I am a single lady, late twenties , had a intimate encounter 2 weeks ago with someone and used protection but now I ve started getting a skin rash which I only get when I am pregnant, how is it possible after using a condom which didn't burst, I am baffled. Similar thing happened years back as a student and let me just say I was practically disowned by my parents for 'bringing disgrace and shame to family'  , lost that pregnancy, now I am working but not in a relationship

The koko is that I am not in a relationship now so goes back to me becoming a single mum which will complete the disowning process for me (my family are the type you havent seen, my age is just a number to them) or I find someone to accept me and baby and get married for sake of it, although am not in a relationship, someone has been pestering me to be in one with him and I don't really like him but seems beggars can't choose

(I will ignore insulting comments)
Re: Pregnancy: How Did This Happen Again? by Cuteobi(f): 9:31am On Feb 25, 2012
Have u had a preg test done yet? Buy a PT strip and DIY ASAP before u conclude ur preggers.IMO two weeks is to early for preg signs.
Re: Pregnancy: How Did This Happen Again? by Sheenyids: 9:48am On Feb 25, 2012
On my way to buy the stick now, Haven't had my period this month though
Re: Pregnancy: How Did This Happen Again? by feminineA: 1:08pm On Feb 25, 2012
First thing first let's confirm u re pregnant then I will come back.
Re: Pregnancy: How Did This Happen Again? by agiboma(f): 1:44pm On Feb 25, 2012
still waiting for the results
Re: Pregnancy: How Did This Happen Again? by Sheenyids: 2:11pm On Feb 25, 2012
I m back, Its Positive sad
Re: Pregnancy: How Did This Happen Again? by Tiana155(f): 2:35pm On Feb 25, 2012
My dear friend, there are somethings that are beyond our control no matter how careful you are they happen, however, there's absolutely nothing wrong for you to take responsibility for your action. At the same time you can go to the hospital tell the doctor to regularize your mentral flow, 2weeks is relativetely early. Asap.

1 Like

Re: Pregnancy: How Did This Happen Again? by feminineA: 6:00pm On Feb 25, 2012
I feel you should do a proper medical test and if its still positive then you should keep your baby irrespective of the pressure around you. I hope u have ur job as well as an apartment to yourself and you are not a young lady.you don't know the child that will be a star tommorow look at clarion chukwuka if they had told her when she was 17 and got pregnant that clarence will be a star am sure she won't believe with all the humilation she faced. So take things easy and adjust to this new life.
Re: Pregnancy: How Did This Happen Again? by Nobody: 6:58pm On Feb 25, 2012
get an abortion. how hard can that be? and keep your legs closed next time.
Re: Pregnancy: How Did This Happen Again? by mission08: 7:20pm On Feb 25, 2012
Quite a difficult situation. Just weigh the pros and cons of keeping d baby and having an abortion. Although, personally I may not go for an abortion but then I'v never been in dat situation. If u r sure u can face being a single mother both emotionally and financially, then keep d baby and brace up 4 d consequences. Ur family may not support u initially, but with time they will come around.

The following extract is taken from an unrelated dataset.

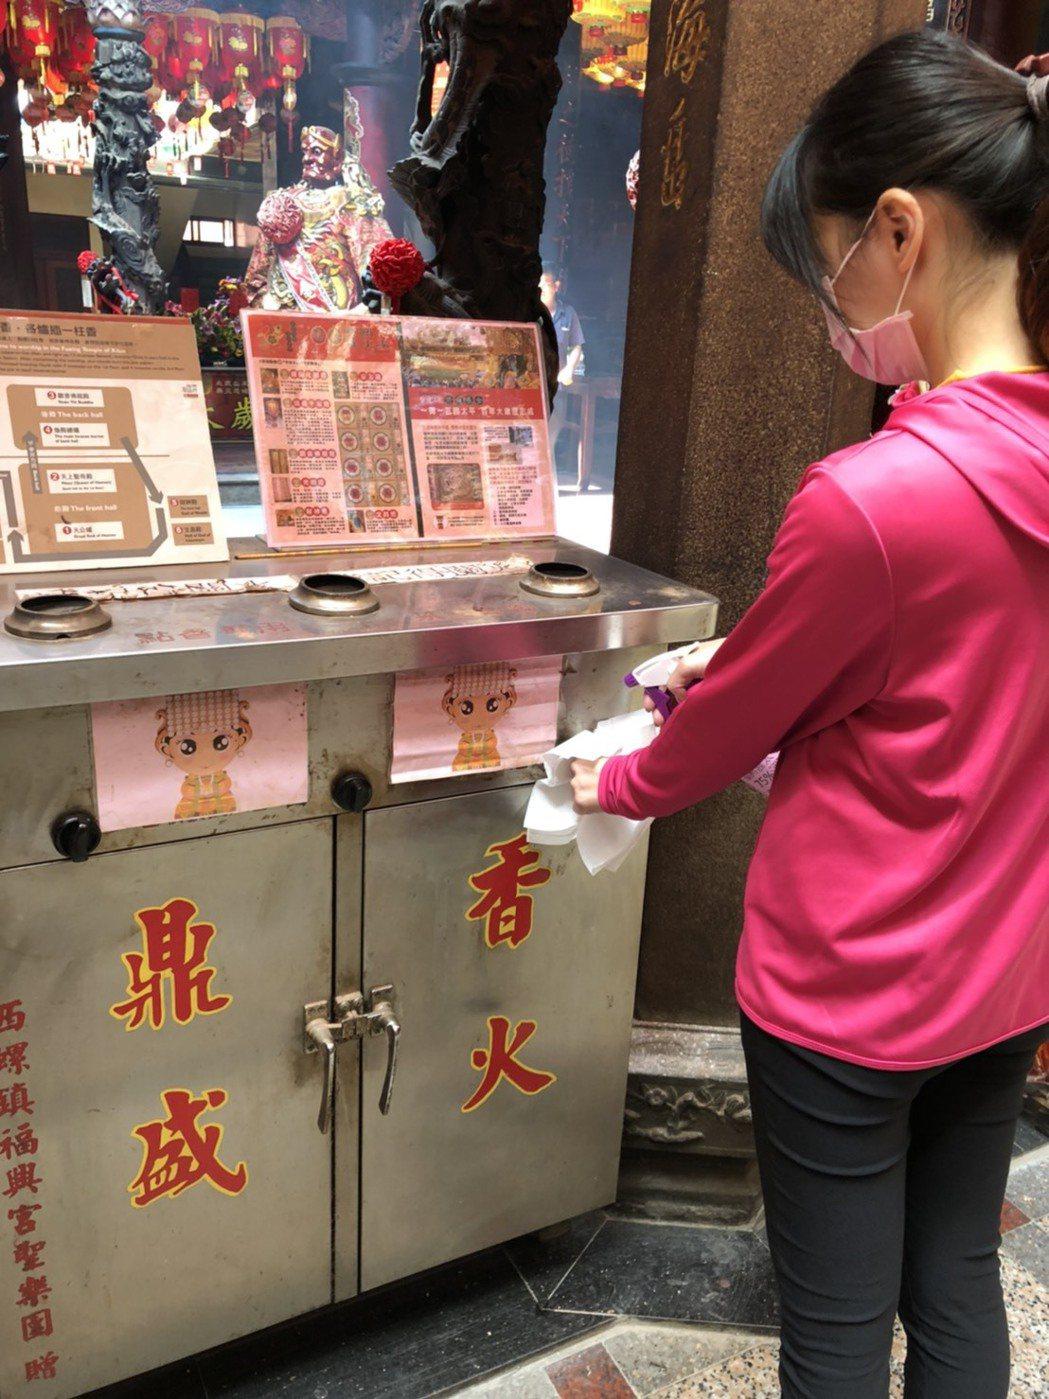 西螺福興宮每天都會將竹籤、點香器等民眾常接觸的物品進行消毒。圖/西螺福興宮提供

Condom use is just about 90-95% safe, anything culd have happened. Can u get in touch with d guy responsible, who knows? Otherwise in the distance future, be prepared for the story u will tell ur child about d dad. At least make him know he has a child somewhere in fairness to him.
Re: Pregnancy: How Did This Happen Again? by Odunnu: 7:26pm On Feb 25, 2012
You are an adult for God's sake, learn to act like one and your parents would have no option than to pipe down! You have a job, thank God! Get ready, make preparations, you are about to be a mom. Whatever you choose to do, make sure you dont as much as think of aborting the baby.

1 Like

Re: Pregnancy: How Did This Happen Again? by Nobody: 7:27pm On Feb 25, 2012
Odunnu:

You are an adult for God's sake, learn to act like one and your parents would have no option than to pipe down! You have a job, thank God! Get ready, make preparations, you are about to be a mom. Whatever you choose to do, make sure you dont as much as think of aborting the baby.  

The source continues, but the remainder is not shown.